The Defining Series: Asphaltenes

Asphaltenes are the dissolved solids components of crude oils and affect a wide variety of...

Reservoir crude oils consist of dissolved gases, liquids and dissolved solids. Asphaltenes are the dissolved solids components of crude oils and although important in the oil field, they have only recently come to be understood. The definition of asphaltenes differs from the laboratory to the oil field. Fortunately the science of asphaltenes has evolved, enabling a new look at how asphaltenes affect a wide variety of oilfield concerns, such as reservoir plumbing, tar mat and heavy oil formation and surety of fluid flow in pipes.

Asphaltenes negatively impact the economic value of crude oil. As asphaltene content increases from 0% to 40%, the oil’s viscosity and density increase dramatically and its color changes from clear to dark brown. Viscosity is a critical rheological property of reservoir fluids; it affects fluid mobility from the reservoir and through production systems. Viscosity depends directly and exponentially on asphaltene content. With a sufficient amount of asphaltenes, hydrocarbons can have flow properties similar to those of coal.

Figure 1. Asphaltenes. A laboratory sample of n-heptane asphaltenes (left) is derived from crude oil. A field deposit of asphaltenes (right) consists largely of n-heptane asphaltenes.
A laboratory sample of n-heptane asphaltenes (left) is derived from crude oil. A field deposit of asphaltenes (right) consists largely of n-heptane asphaltenes.

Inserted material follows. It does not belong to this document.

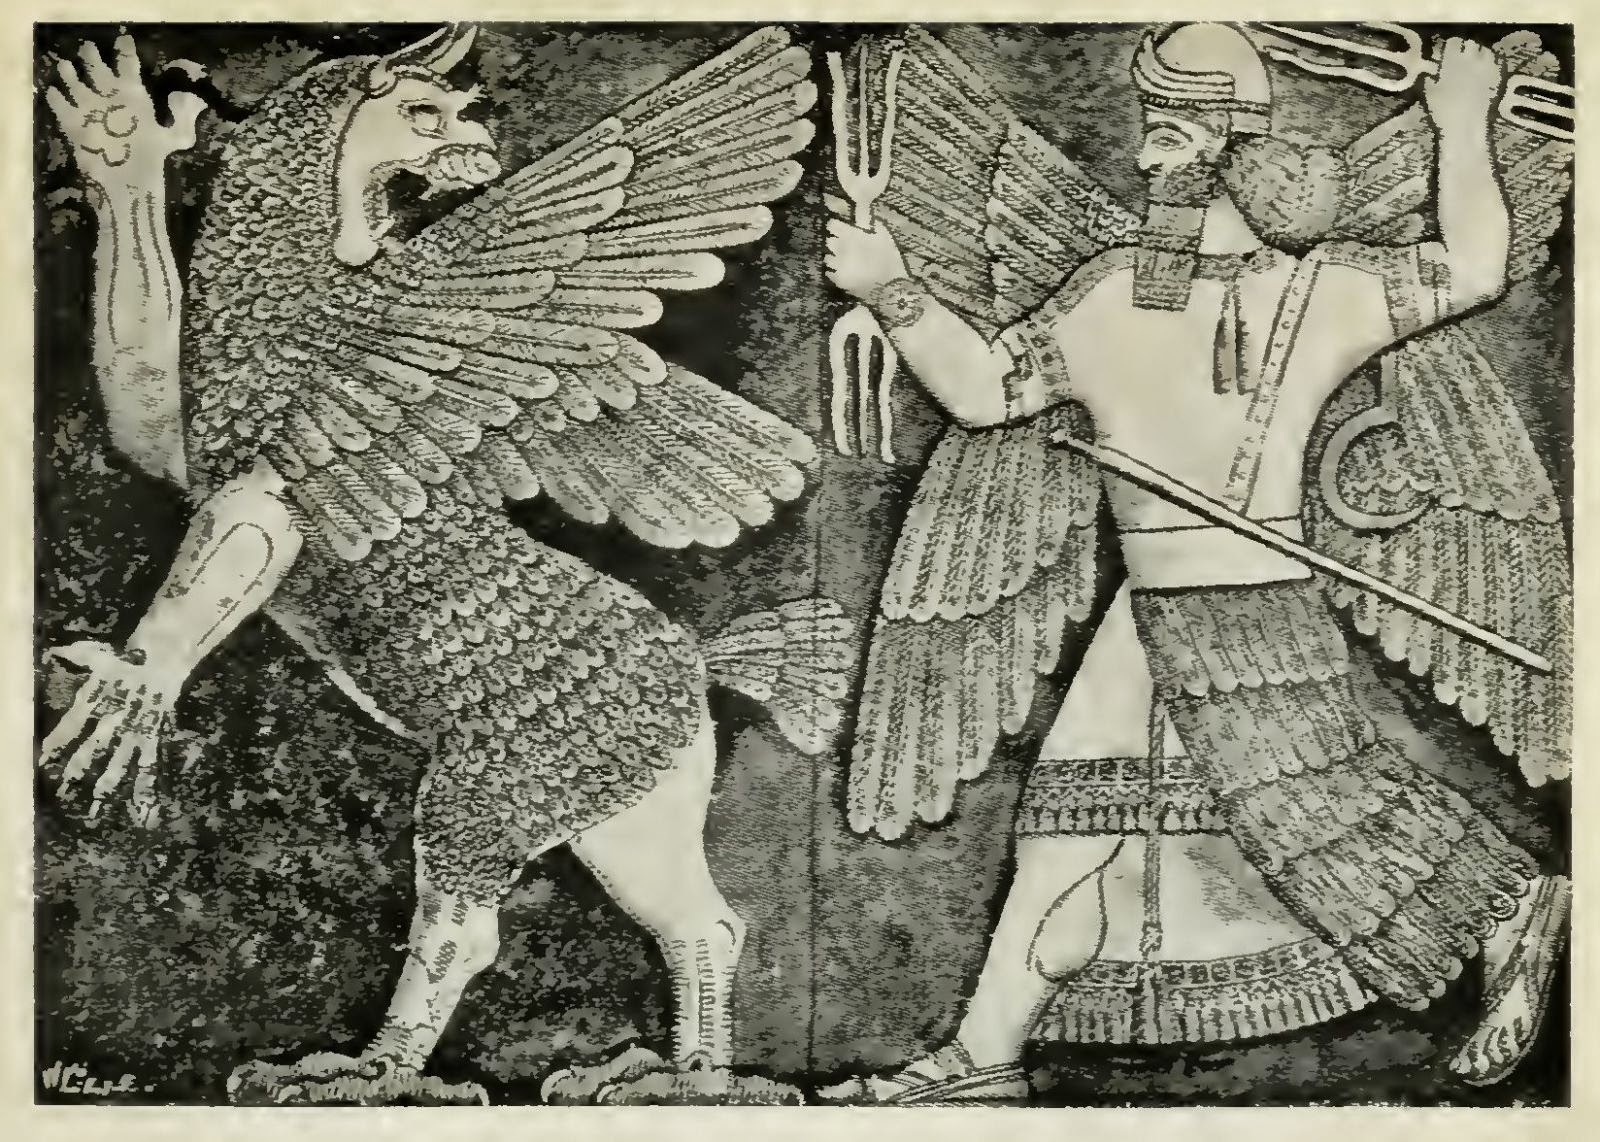 marduk killing tiamat with his arrows 
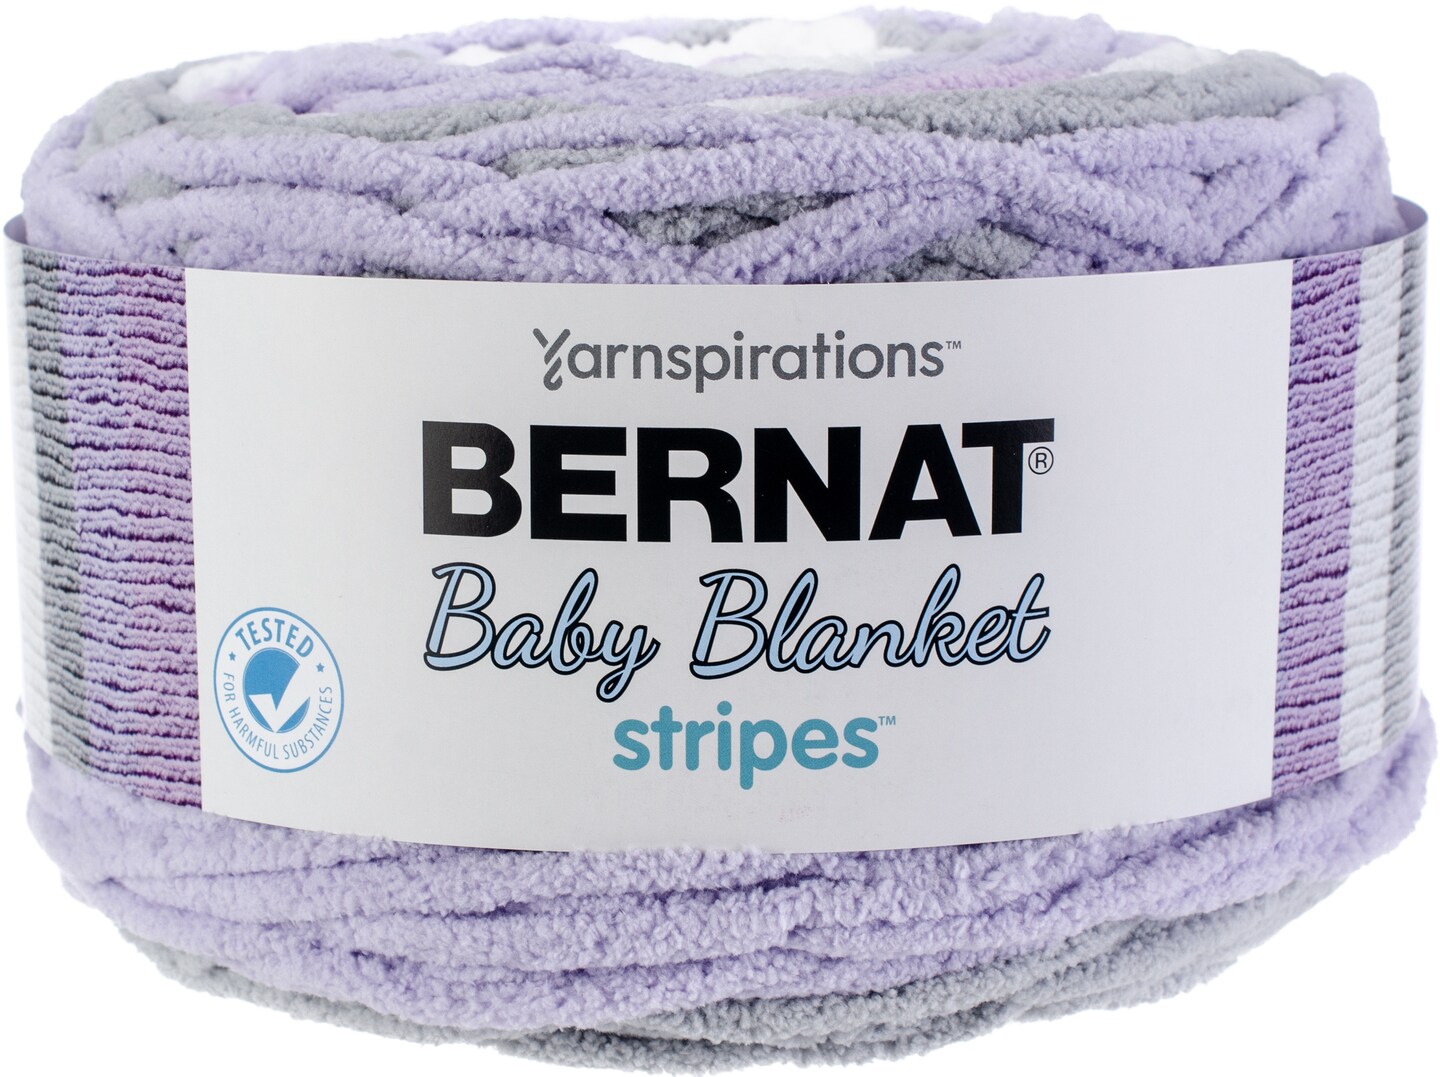 Bernat Baby Blanket Stripes Violets Yarn - 2 Pack of 300g/10.5oz ...

Factors Affecting Asphaltene Formation

Generally the gas and liquid components of oil are treated as known chemi-cals such as normal alkanes, or n-alkanes, which are linear chain hydrocarbon compounds that have the chemical formula CnH2n+2. Examples are methane [CH4], ethane [C2H6], propane [C3H8] and n-butane [C4H10]. In contrast, asphaltenes are not defined by their chemical identity. Because they consist of a complex mixture of many compounds, they are defined by their solubility characteristics measured in the laboratory. Asphaltenes are typically defined to be the toluene-soluble and n-heptane-insoluble components of crude oil and other carbonaceous materials such as bitumen and coal. The n-heptane asphaltenes are solid and powdery (Figure 1). In oilfield applications, solids that are separated from crude oils are generally referred to as asphaltenes if they are largely, but not necessarily entirely, composed of n-heptane asphaltenes. In addition, the terms tar and bitumen are loosely used to refer to materials that have a high asphaltene content. Sometimes black oilfield solids, including waxy deposits that have only a small asphaltene content, are incorrectly referred to as asphaltenes.

In chemistry, asphaltenes are defined as a solubility class. They do not dissolve in gases or in alkane liquids such as n-heptane[C7H16], but they do dissolve in aromatic hydrocarbons such as toluene or xylene. Crude oils that have a high gas/oil ratio (GOR) are rich in light hydrocarbons and conse-quently, have little asphaltene content.

Another important property of asphaltenes is their ability to flocculate. Flocculation refers to a tendency to form, or aggregate in, clumps. Typically asphaltene solubility follows the general rule in solution chemistry that "like dissolves like." Asphaltenes and gas (or high-GOR oil) are not chemically alike and therefore do not dissolve in each other. Also asphaltene solubility increases with temperature. For many reservoir crude oils, asphaltenes are very delicately balanced in the oil; a small change in pressure and tempera-ture can create phase instability, resulting in formation of bulk solids. For instance, oils that have high GOR and are capable of containing more gas in solution - also referred to as undersaturated oils - are particularly prone to asphaltene formation during production in spite of their low asphaltene con-centration. These oils are highly compressible. During production they experience a large reduction in pressure, which decreases their density. The asphaltenes may then come out of solution and flocculate. If pressure and temperature decrease below the bubblepoint, dissolved gas evolves out of the oil, thereby increasing the solubility of asphaltenes in the oil. Consequently, the onset of asphaltene development occurs at pressures greater than the bubblepoint pressure.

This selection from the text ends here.